В исходе девятого часа вечера в одной из улиц, близких к Кремлю, показался высокий в черной одежде человек, довольно скоро шагавший, держась поближе к домам, в коих, сквозь щели ставней кое-где мелькали огоньки; рядом с ним бежал мальчик лет четырех, держась посинелою от холода ручонкою за его одежду. Несмотря на непроглядную темноту в позднем путешественнике можно было узнать монаха.
Ночные путешественники приближались к Боровицким воротам, когда мальчик слезливым, дрожащим голосом сказал:
– Дядечка, я озяб.
– Согреешься, – глухо и угрюмо отвечал монах, продолжая свой путь настолько скорыми шагами, что мальчик едва мог следовать за ним бегом.
– Я устал, дядечка, – проговорил снова мальчик задыхающимся голосом.
– Отдохнешь, – сурово отвечал монах.
– Я промок, дядечка.
– Высохнешь, Бог вымочил, а люди высушат, – с оттенком раздражительности в голосе проговорил монах.
Войдя в Боровицкие ворота, ночные путешественники остановились у одного дома, ворота коего были заперты. Заметив небольшое углубление в стене дома, монах поставил мальчика и, сунув ему за пазуху небольшой сверток бумаги сказал:
– Ты, Гриша, постой здесь и отдай этот сверток тому, кто сейчас сюда придет.
– А ты, дядечка, уйдешь? – робко спросил Гриша, готовый заплакать.
– Да, уйду а ты подожди здесь. Молись Богу, помни меня, мы с тобою еще увидимся. Господь да будет к тебе милосерд!
Сказав это, монах схватил обеими руками голову Гриши и с жаром поцеловал ее.
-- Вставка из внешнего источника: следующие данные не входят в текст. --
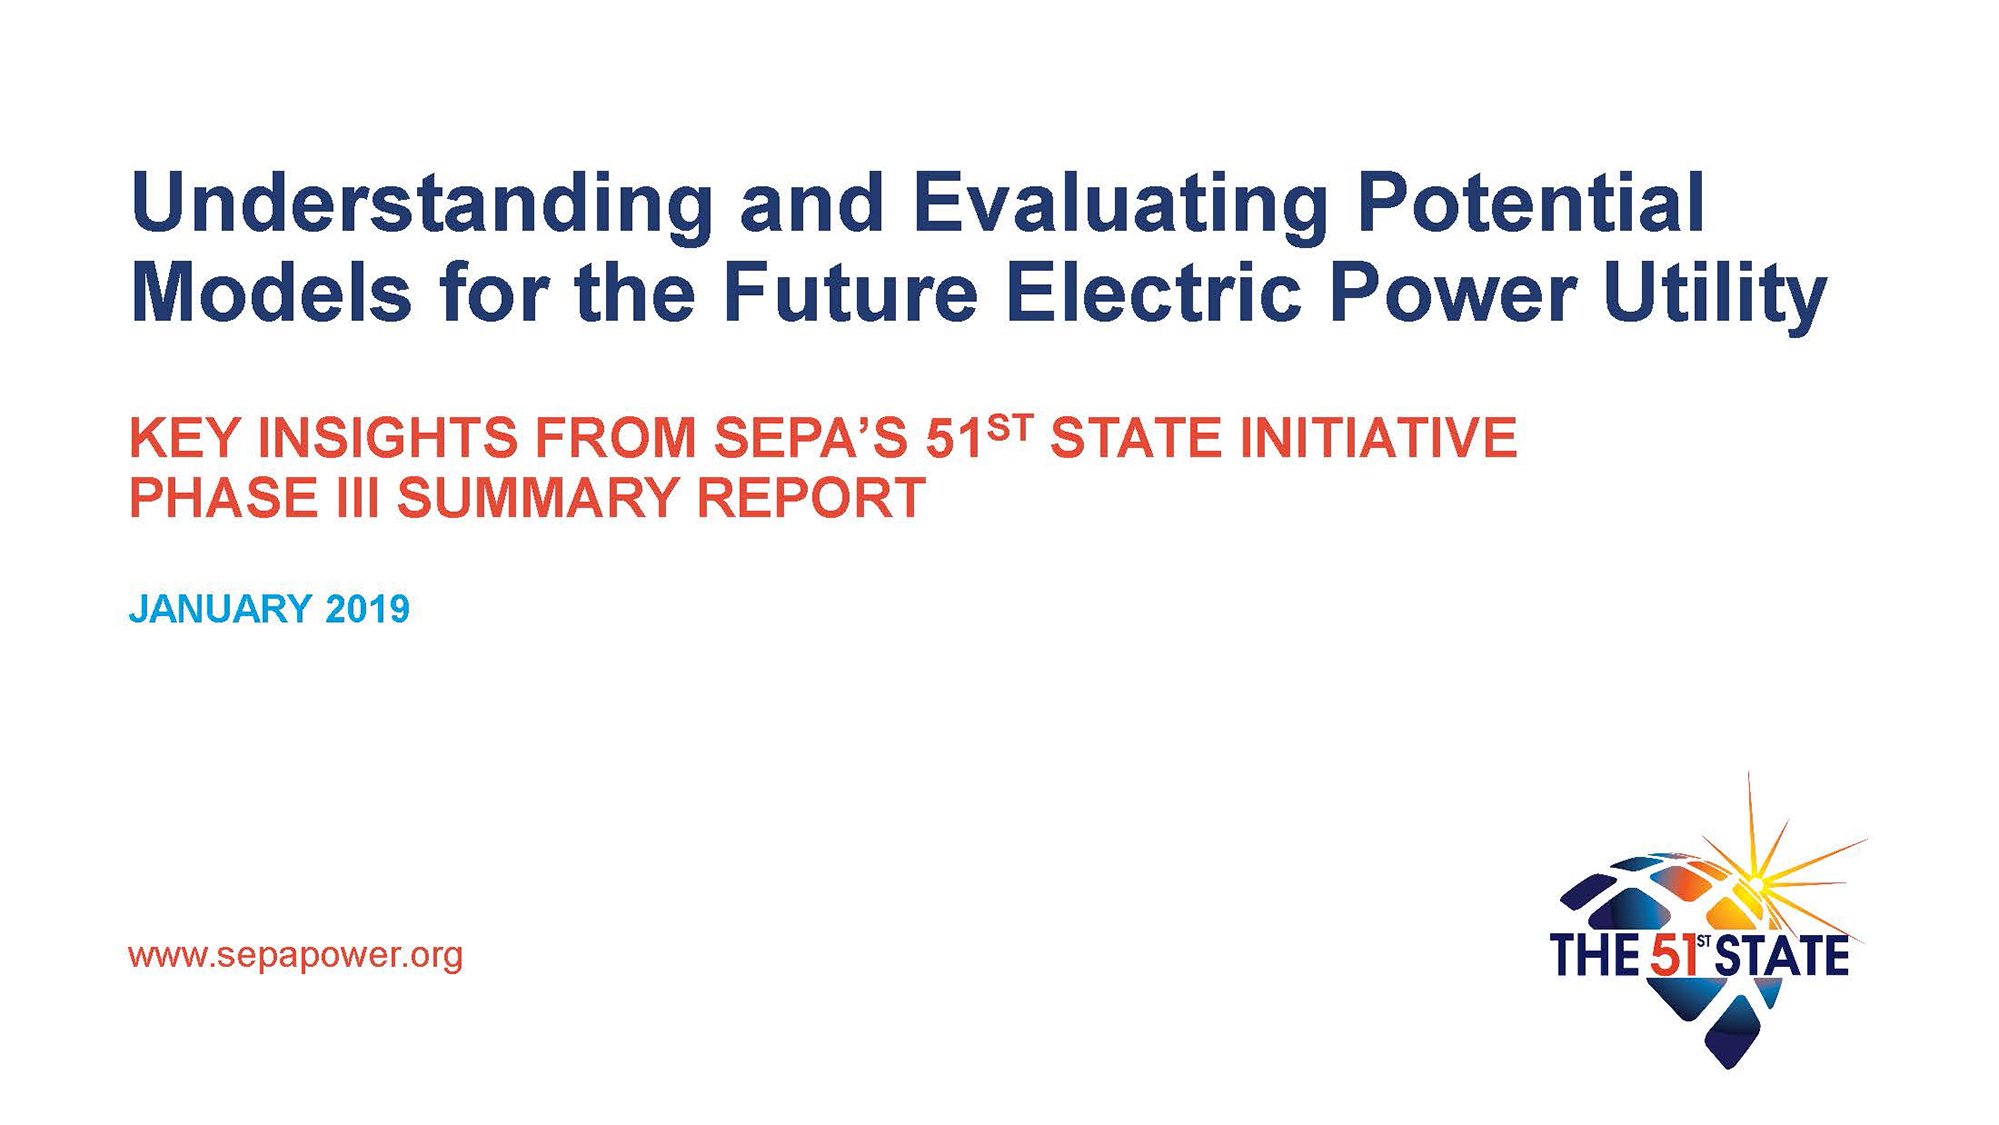 Understanding and Evaluating Potential Models for the Future Electric Power Utility

Не привыкший к таким ласкам Гриша с изумлением и непонятною тоскою смотрел на монаха, схватил безотчетно его руку, поцеловал и горько заплакал, сам не зная почему. Монах скрылся в ночной темноте, а Гриша продолжал реветь, простирая свои окоченелые ручонки вслед монаху, не осмеливаясь последовать за ним. Видя бесполезность своих слез, он присел на корточки, прислонившись к стене и, благодаря затишью от ветра и дождя, вскоре уснул.
Спустя полчаса к воротам подъехали два всадника, из коих один, видимо слуга, соскочил с лошадей и стал стучать в ворота. На этот стук прежде всего отозвалась лаем цепная собака за воротами и вскоре подошел привратник и стал их отпирать. Ворота были отперты и подворотни сняты. Давая дорогу своему господину, слуга сделал два шага в сторону и наступил на ногу спавшему Грише, который взвизгнул, не столько от боли, сколько от испуга. Слуга в свою очередь, в испуге отскочил.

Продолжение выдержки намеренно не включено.